Exercise >>
Could you output each line below exactly as it appears, excluding any pictures?

------ Recorded data

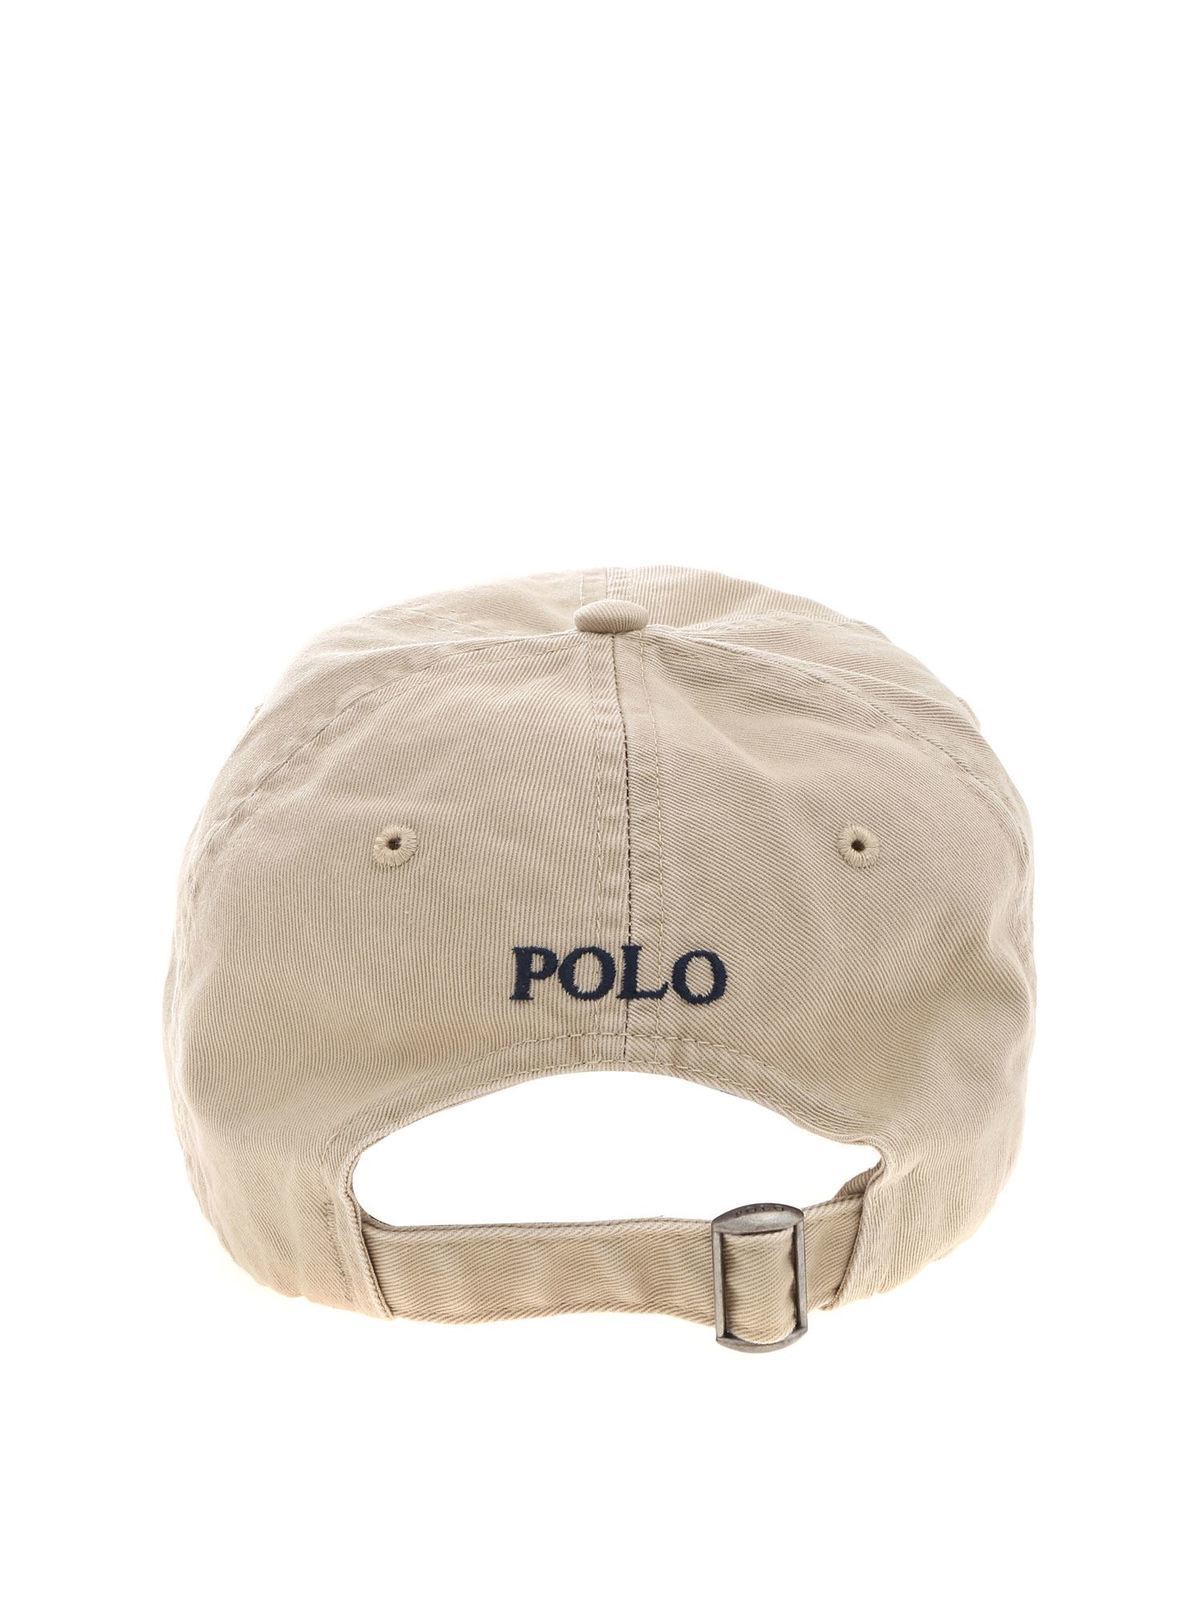 Hats & caps Polo Ralph Lauren - Baseball cap in beige with logo -  710548524005
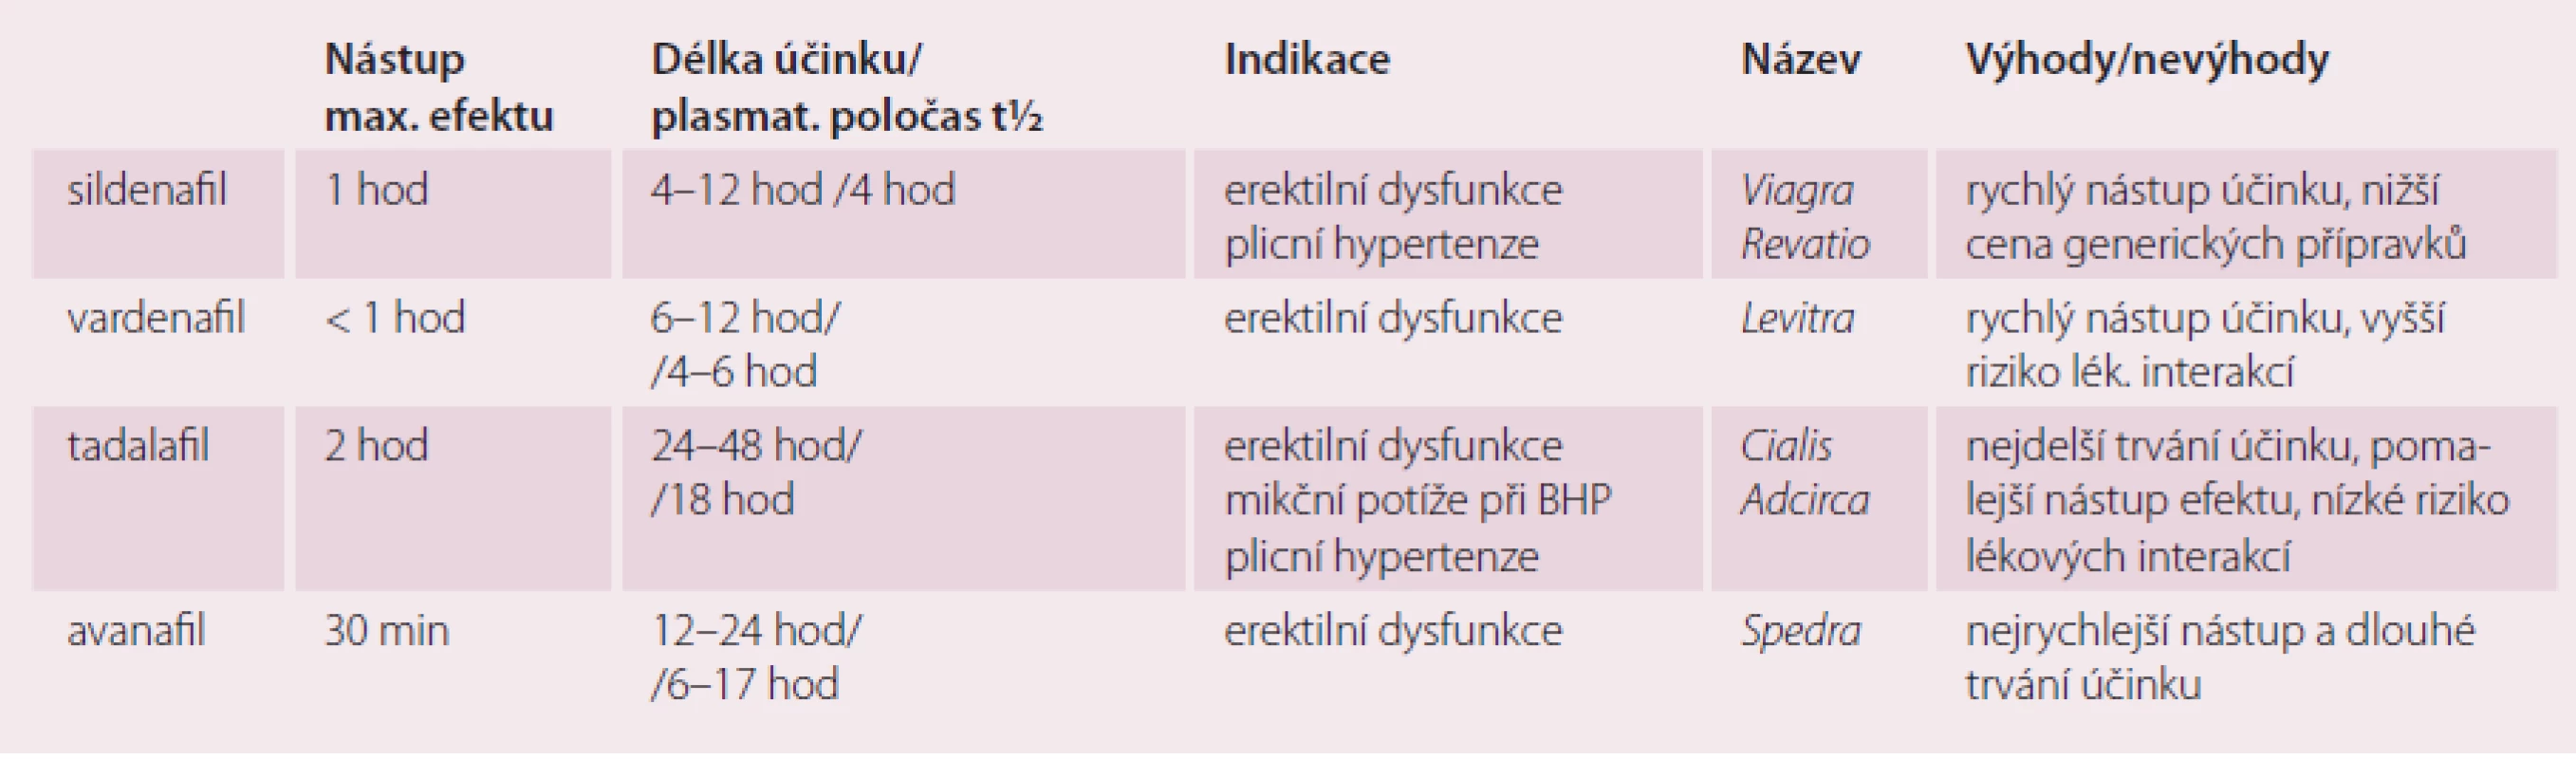 Srovnání vlastností a indikací jednotlivých inhibitorů PDE-5 (podle platných SPC).
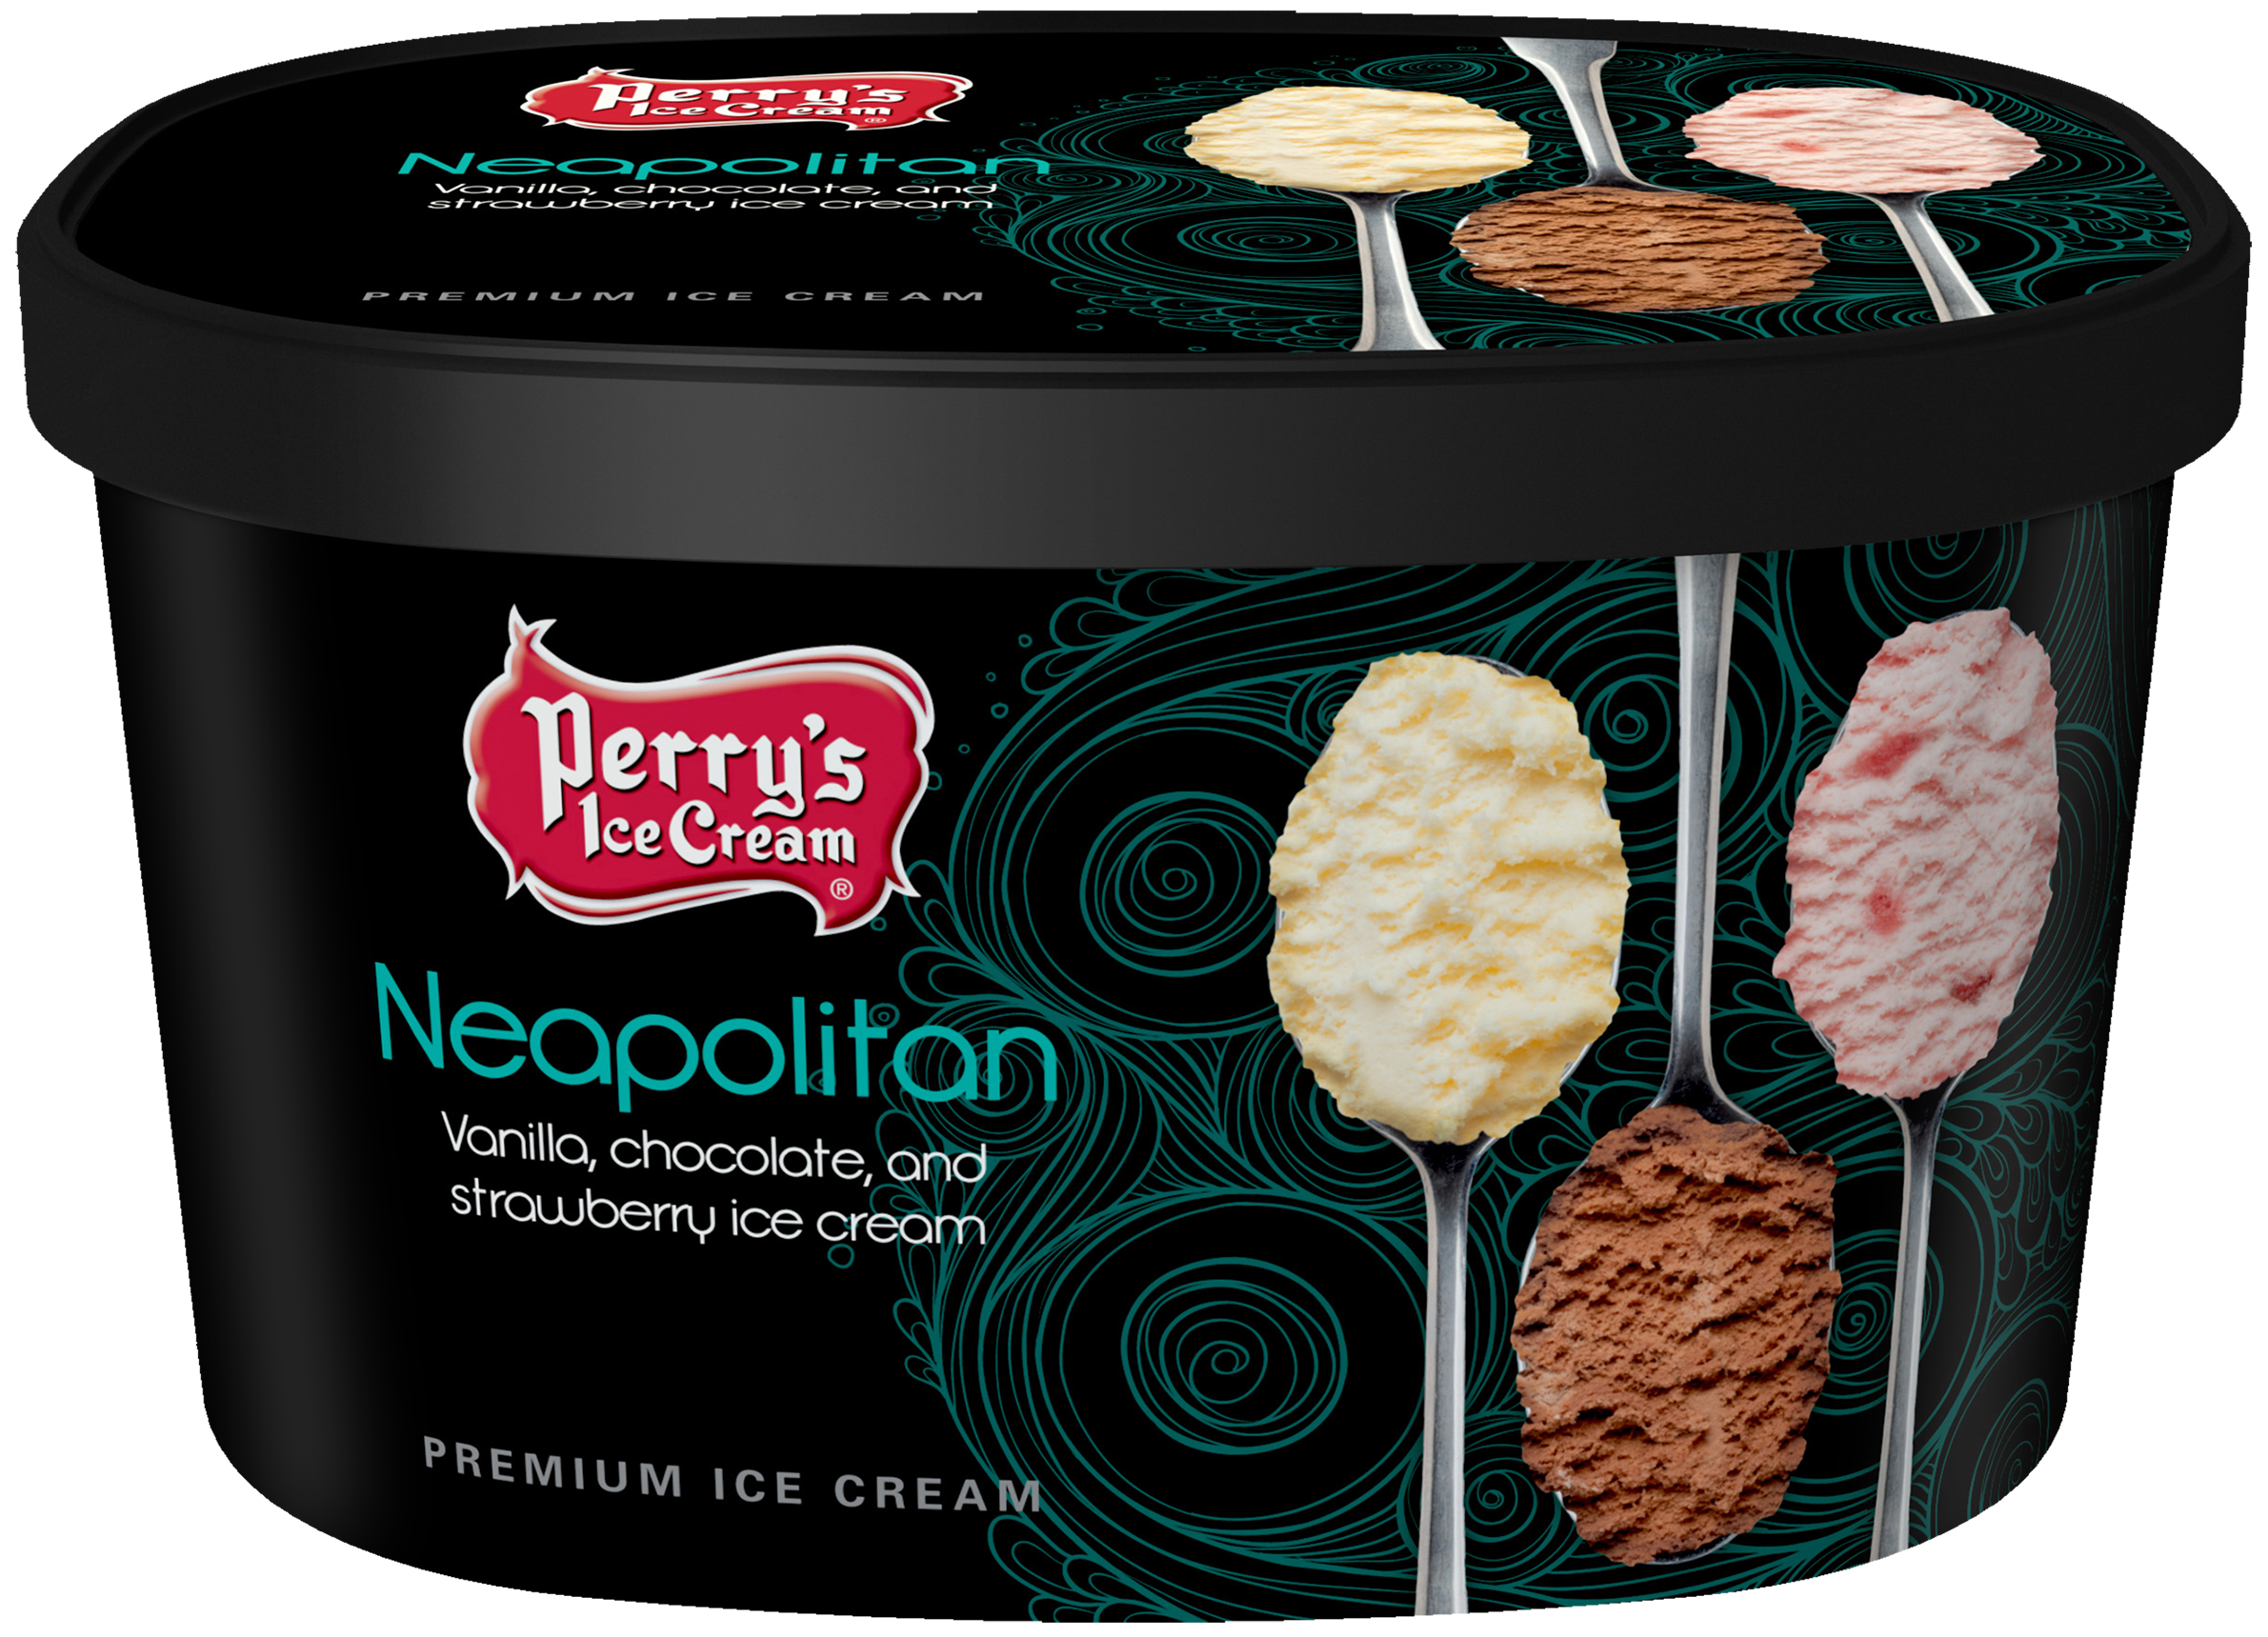 Perry's Neapolitan ice cream

------------

Answer space >>
 Hats & caps Polo Ralph Lauren - Baseball cap in beige with logo -  710548524005
 Srovnání vlastností a indikací jednotlivých inhibitorů PDE-5 (podle platných SPC).
 Perry's Neapolitan ice cream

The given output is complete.